Oh, no..hear that everyone? Obama signed with an autopen, golly gosh! I'm sure it's not any worse than Romney not showing his tax returns or Trump finding "divorce papers" You love to have everything your way but once someone else gets a turn it's "THIS IS COMMUNIST RUSSIA!" You really think you do any good to the society with that type of attitude?

I have no idea what I'm talking about? Hahahaha, that is funny. You are leaving out A LOT and just rampaging on Obama, while not looking at the tracks that you guys left in the midst of all the chaos several years back.

Hey but what do I know? You quoted a Creed song in an endorsement for Romney. LMAO.


----------



## GOON (Jan 23, 2010)

PunkSE316 said:


> *Neo conservatives are pro-bombing, pro-empire heavyweight intellectuals who have filled the vacuum on the Right, where most Americans have little interest in foreign policy. They dominate Republican foreign policy because they care about it, whereas most Americans don't. NATO expansion was an example; most Americans don't think about it and don't care. "Neo cons" do. Also they heavily influence the Democratic Party from whence they came. They are close to European Social Democrats, many of whom have also now favor pro-interventionist wars, since the collapse of communism.
> 
> "Neo conservatives" are mostly former leftists/liberals who converted to conservatism during the '70's and when Ronald Reagan became President. In domestic policy they tend to be moderate "welfare" Republicans. However, their major concern is foreign policy. They strongly favor US military interventions overseas and becoming the world’s policeman. They promoted the First Iraq War and are constantly the instigators for more confrontation with Iraq, Iran, the Sudan, and other Moslem states. They were among the chief instigators of the Kosovo War.*
> 
> ...


http://mysite.verizon.net/vze1tvxm/thepoliticalarena/What's A Neo-Conservative.htm

Go away.

Oh, and gotten to by Scott Stapp.


----------



## PunkSE316 (Jul 22, 2012)

Yes, a link redirecting you on to "Iconservative" where the definition was published, and put forth on the website. I gave you a definition on the meaning and now you want me to go away? Sounds like you aren't use to people standing up against your opinions.

Scott Stapp who is obviously in Creed..can't mention Creed without him..obviously. Enjoy Creed though, they are up there with Nickelback for sure.


----------



## CamillePunk (Feb 10, 2011)

Don't think it gets any more pro-bombing than Barack Obama.
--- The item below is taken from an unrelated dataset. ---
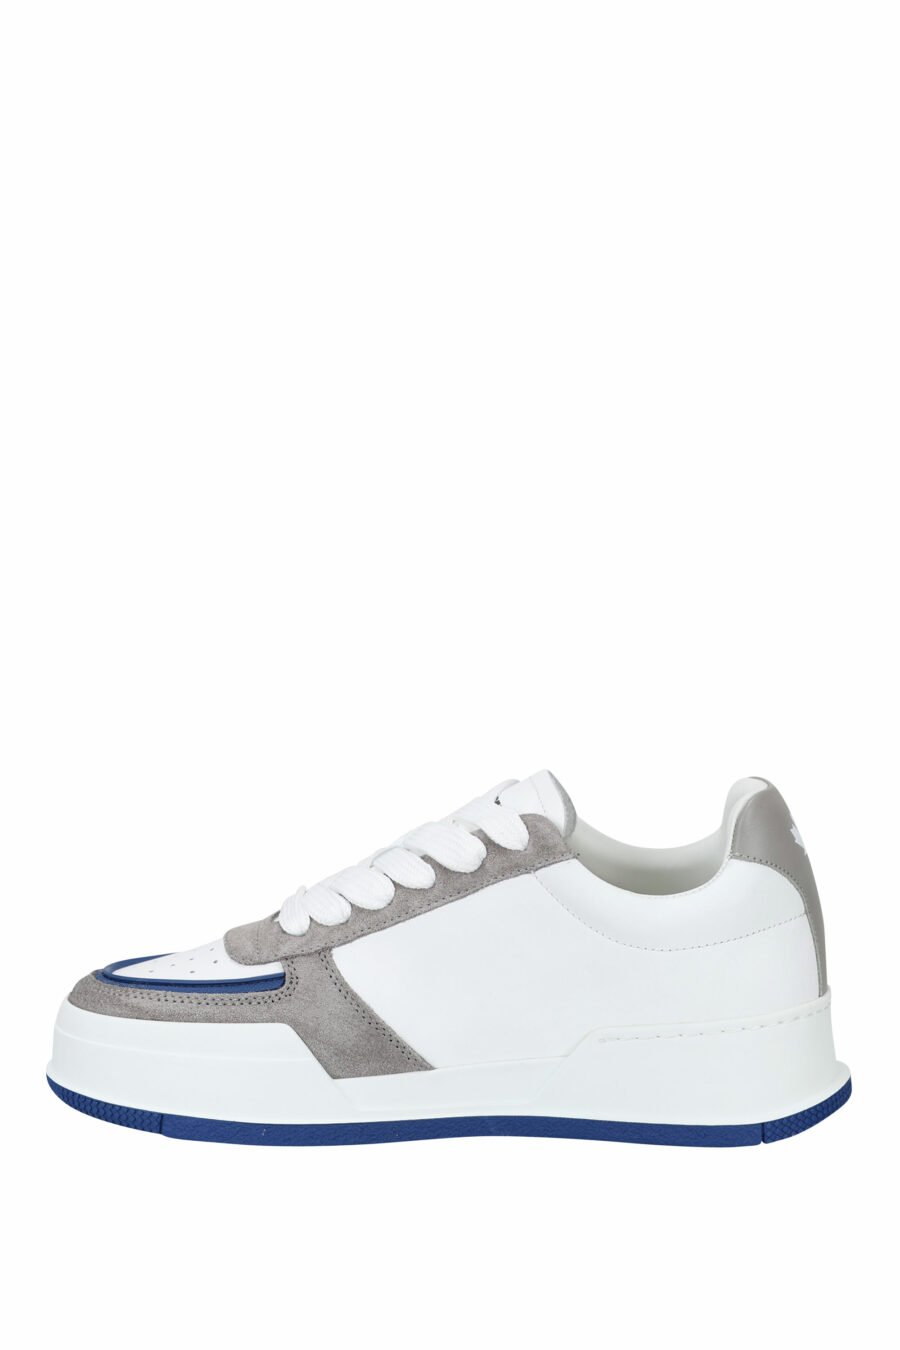 Trainers white mix with grey, blue and red leaf logo - 8055777242216 2

He bombs countries we aren't at war with. :lol Like, every couple of days, at that. If it didn't happen yesterday or today, it's goin' down tomorrow. The kids are terrified every day. They aren't American or Israeli though, so fuck 'em - Barack Obama. 

In any case, calling GOON a neo-con is way off the mark as he's non-interventionist. The complete opposite of being a hawkish neo-con.


----------



## GOON (Jan 23, 2010)

Congratulations, you can copy and paste a definition. I was expecting you to put some thought and not just copy and paste a definition but hey, you had no idea what the Patriot Act was so I guess my expectations were just to high.

But please, explain how I fit into that term.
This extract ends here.